Pakistan’s textile and apparel exports delivered a mixed—and increasingly fragile—performance in the first five months of FY2025–26. According to the Pakistan Textile Council (PTC), exports reached $7.84bn during July–November, up 2.8% year-on-year and accounting for roughly 61% of total national exports. Beneath that headline, however, the trend is deteriorating.
November marked a turning point. Textile exports fell 2.7% year-on-year and 11.7% month-on-month, signalling a slowdown as cost pressures and weakening demand converge. Traditional textile categories continue their long decline: exports of conventional and raw-material-based products have shrunk from $1.78bn in 2021–22 to $1.28bn in 2025–26 (July–November).
Sharp contractions were recorded across cotton (–8.7%), man-made filaments (–17.6%), carpets (–15.3%), knitted fabrics (–31.1%) and vegetable fibres (–41.2%). These segments, once the backbone of Pakistan’s export base, are steadily losing relevance amid global competition and domestic inefficiencies.
Value-added apparel offers partial relief. Chapters 61–63 rose from $6.05bn to $6.56bn over the same period, posting a modest ~2% CAGR. Growth in knitwear, non-knit apparel and made-ups lifted value-added exports by 5% in FY26. Yet even here, cracks are visible: declines in bed linen, T-shirts, gloves and men’s woven apparel point to eroding competitiveness in core categories.
Market-wise, the EU remains Pakistan’s largest destination at $3.11bn, followed by the US at $2.10bn and the UK at $772m. But across all three, key product lines—from cotton ensembles to bed linen and T-shirts—registered double-digit declines. Bangladesh and the UAE together added around $549m, largely concentrated in yarns, fabrics and volatile apparel demand.

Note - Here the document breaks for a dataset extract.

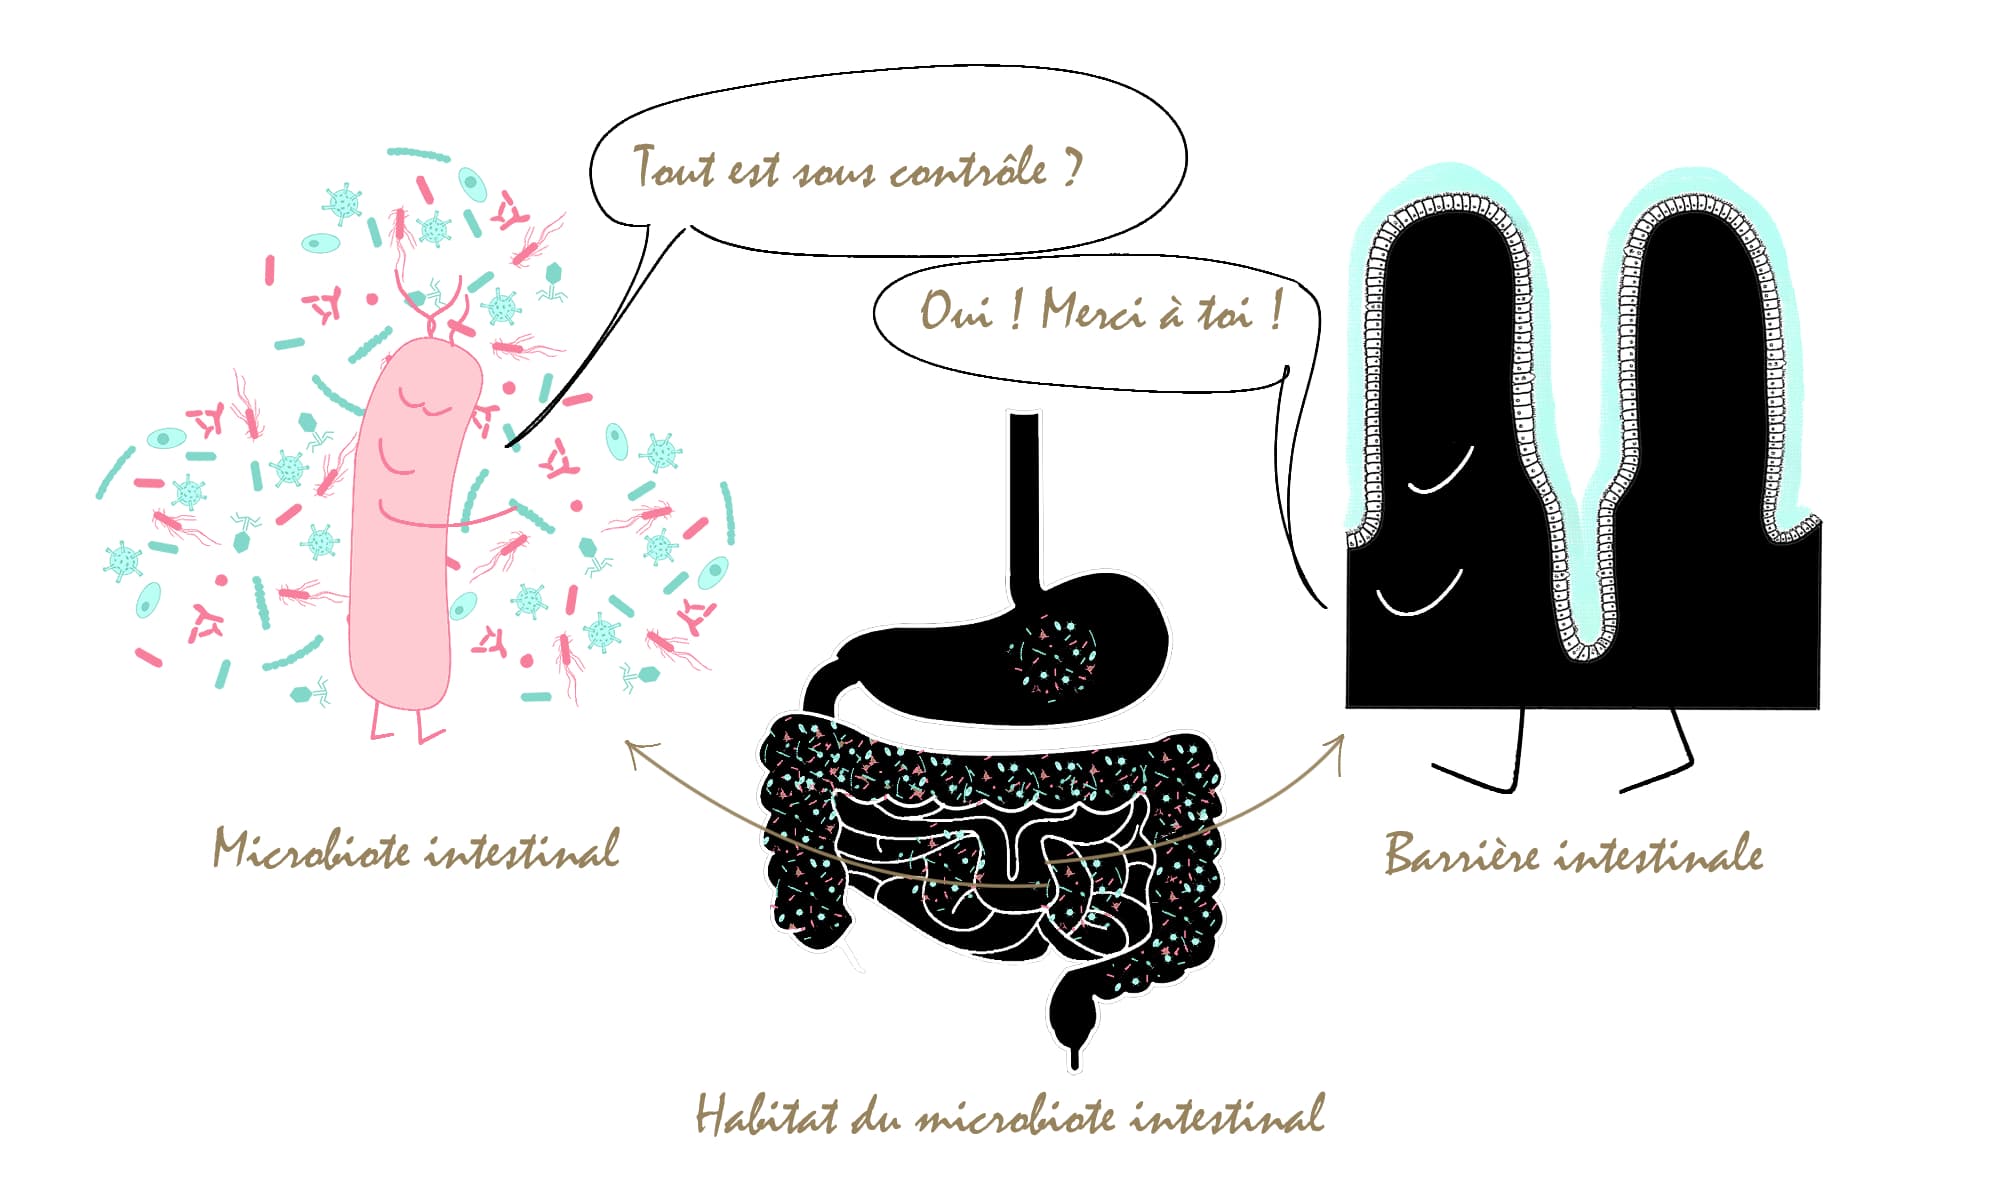 Le microbiote intestinal prend soin de la barrière intestinale

The pattern is familiar. Pakistan’s textile sector remains resilient where value addition exists, but high energy tariffs, rigid wage policies and cost disadvantages relative to regional peers are steadily eroding gains. Without addressing these structural constraints, incremental growth in garments will struggle to offset the long slide in the industry’s traditional base.